When I contrast this with the alternating play, I didn’t like this one as much. I’m not sure why: the story is more accessible (Latina had many portions in Spanish); I understand the times better; and (at least according to critics and the Pulitzer committee) the story is better crafted. My guess is that it was the presentation: this play was further from the student’s experience, and this made it harder for them to turn the characters into living and breathing people. I think it was also complicated by last night’s performances: there were lots of line problems, and for many of the actors, the presentation seemed rushed, making it a recitation of lines. Another problem was character confusion: As some of the students played multiple characters, they did not distinguish them enough through acting mannerism to make the audience realize these were different characters. That’s something the director, Randy Olea, might have addressed had he realized it.
As the lead, Ariel Kostrzewski did reasonably well as Heidi. She was weakest in the framing scenes (the art lectures), where the rushed delivery led to the point of the framing scenes being lost. When interacting with other characters, she was much stronger and more believable. Providing her strong support were Quest Sky Zielder as Peter Patrone, Mike Hill as Scoop Rosenbaum, and Erin Geronimi as Susan Johnston. Quest, in particular, was notable for his strong delivery, his embodiement of character, and the humor he conveyed to the audience. Mike was also very strong as Scoop, delivering and acting well.
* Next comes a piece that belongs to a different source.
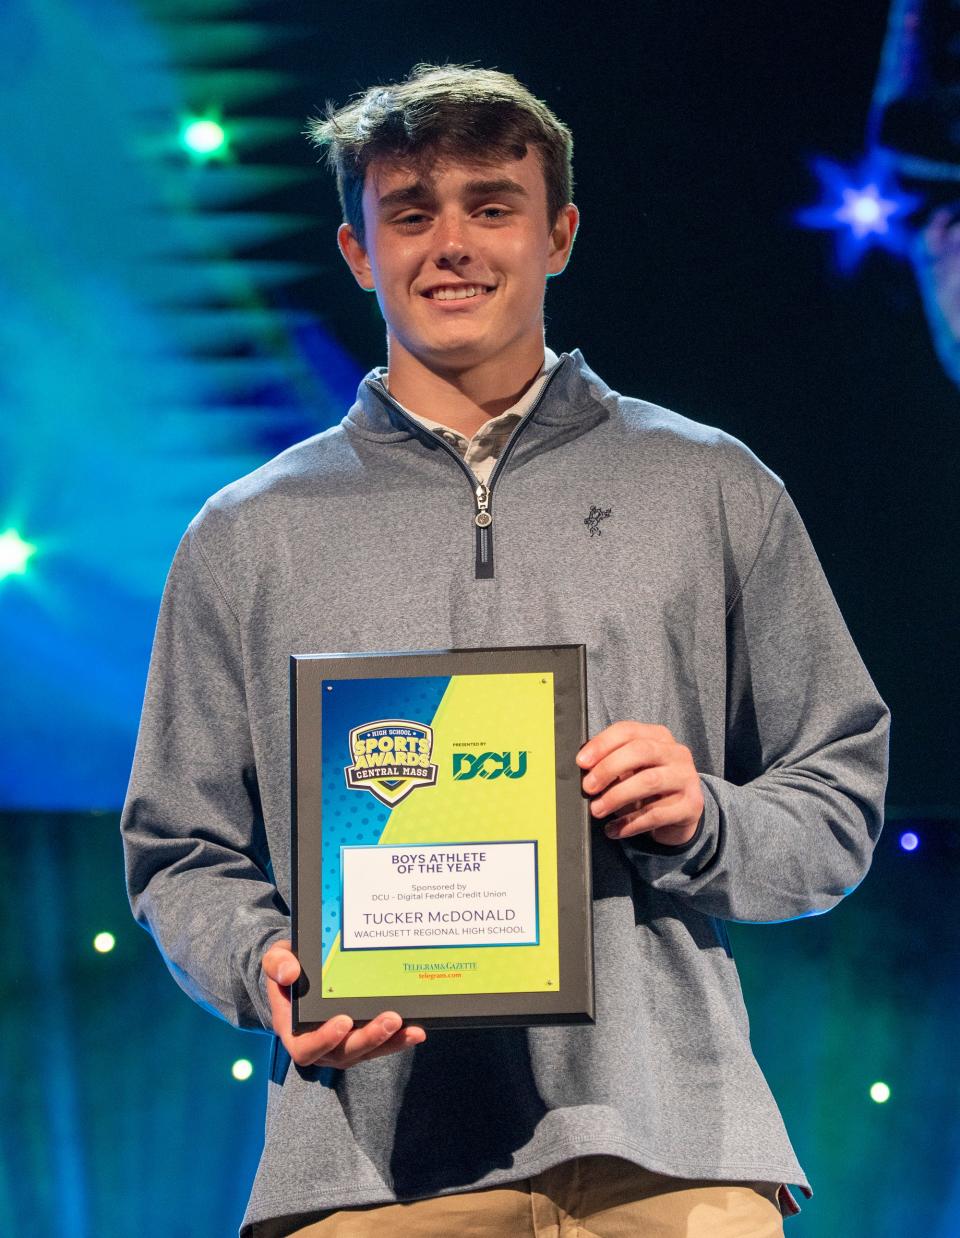 Wachusett's Tucker McDonald was named the Hometeam Male Athlete of the Year as the top student-athletes in Central Massachusetts were honored Wednesday night at the Hanover Theatre at the Central Mass. High School Sports Awards ceremony.

Erin, who was also strong in Latina, portrayed the friend quiet well.
Rounding out the cast were: Vivian Ceemeño as Becky, Gabriel Dominquez as a waiter, Jade Field as Debbie, Priscilla Legaspi as April, Taylor Morris as Jill and Betsy, Melodie Muñoz-Lestrade as Lisa, Flavia Ponce as Clara, Kim Reyes as Denise, Alex Reynoso as Chris, Mark, and Doctor Ray, Denisse Rodriguez as Molly, and Priscilla Zambrano as Fran.
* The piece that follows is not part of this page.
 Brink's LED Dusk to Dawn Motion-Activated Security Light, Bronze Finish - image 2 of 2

Turning to the technical. The set, develoed by Mr. Tom Kirkpatrick and his students, was relatively simple: triangular pillars and a number of props. It was sufficient to convey the times, but not much else. Sound and lights were provided by Mr. Marque Coy and his students. The sound worked better for this show with fewer microphone problems. Lighting was good, although I was unsure about the use of the moving lights before and after the show. Charlie Glasser and Clarissa Tanglao were technical stage managers, with Kenji Kang and Sierra McDuffee doing sound, and Kevin Vasquez, Kacie Rodriguez, Glory Smith, and Joseph Tafur doing lighting. One technical problem in the auditorium: although it was a cold and rainy night in LA, last night the air conditioning in the auditorium decided to run full blast.
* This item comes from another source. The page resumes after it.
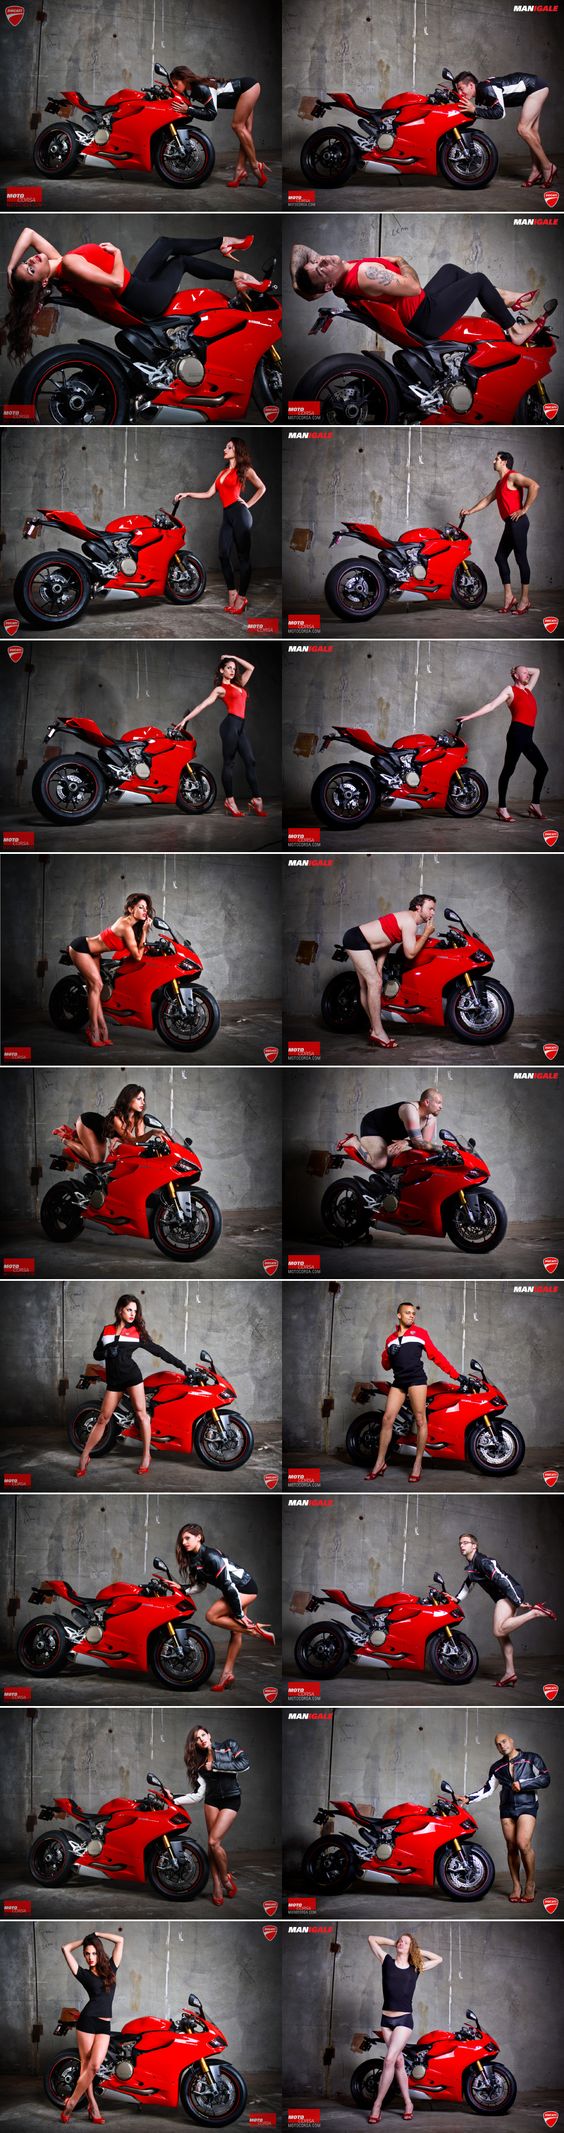 Ducati ad parody - Psst! It’s the bike that’s for sale. But when models seductively languish over motorcycles, prospective customers may forget that. Arun Sharma, the general manager of a Ducati dealership in Portland, Oregon, understands this truth. That’s why commissioned a series of images of men and women flaunting their bodies on the Ducati 1199 Panigale sportsbike. The women are beautiful. The men are…well, let’s just say that they have excellent personalities.

As always, where the Van Nuys production team lacks is publicity and program. This production is not well advertised: there should be posters in local businesses, as well as announcements at local middle schools (to attract students to the magnets). It should be clear on the school’s website, and have easily findable pages on Facebook. It should also have a stronger program: there should be advertising sold in the program so that local businesses can (a) learn about the production and (b) support the school. They have done this for the yearbook and sports programs; it should be in the drama program as well. The program should also provide additional information on the show itself—in particular, identifying the author, the rights management company, and when the show was first produced (or notable LA productions). There’s also no reason a mechanism such as eventbrite shouldn’t be available so that tickets can be purchased in advance; using Goldstar would be even better, as the production would gain advertising as well.
Last night was the last performance of “The Heidi Chronicles“. You can catch the final performance of “Latina” tonight at 7pm for $8. Information at http://vannuyshs.org/.
Upcoming Theatre, Concerts, and Dance: Tonight takes us to Long Beach to see “The Robber Bridegroom” at ICT. Next weekend brings “Day Out With Thomas” at Orange Empire (We’re working Veterans Day). Veteran’s Day weekend brings “Sylvia” at the Edgemar Center for Performing Arts in Santa Monica on Saturday 11/12; the following weekend brings “Chitty Chitty Bang Bang at the Simi Valley Cultural Arts Center on its opening night, November 19. Karen will also be seeing “Riverdance” at the Pantages on November 16. I’m still waiting to ticket “Bring It On” at the Ahmanson (held for November 25, pending ticketing, hottix on sale for our block on November 8). Thanksgiving weekend also brings the last show of the REP season, “The Graduate”, on Saturday November 26. The first weekend of December is lost preparing for ACSAC, although I might squeeze in something on Saturday. The next weekend is busy, with a Mens Club Shabbat in the morning, and “Travels with my Aunt” at the Colony Theatre in the evening. The remainder of December is unscheduled, but I’m sure we’ll fill things in for Winter Break. Of course, there is the de rigueur movie and Chinese food on Christmas day. January, right now, is completely open, although the first show of the REP East season will likely be in there somewhere. As always, open dates are subject to be filled in with productions that have yet to appear on the RADAR of Goldstar or LA Stage Alliance.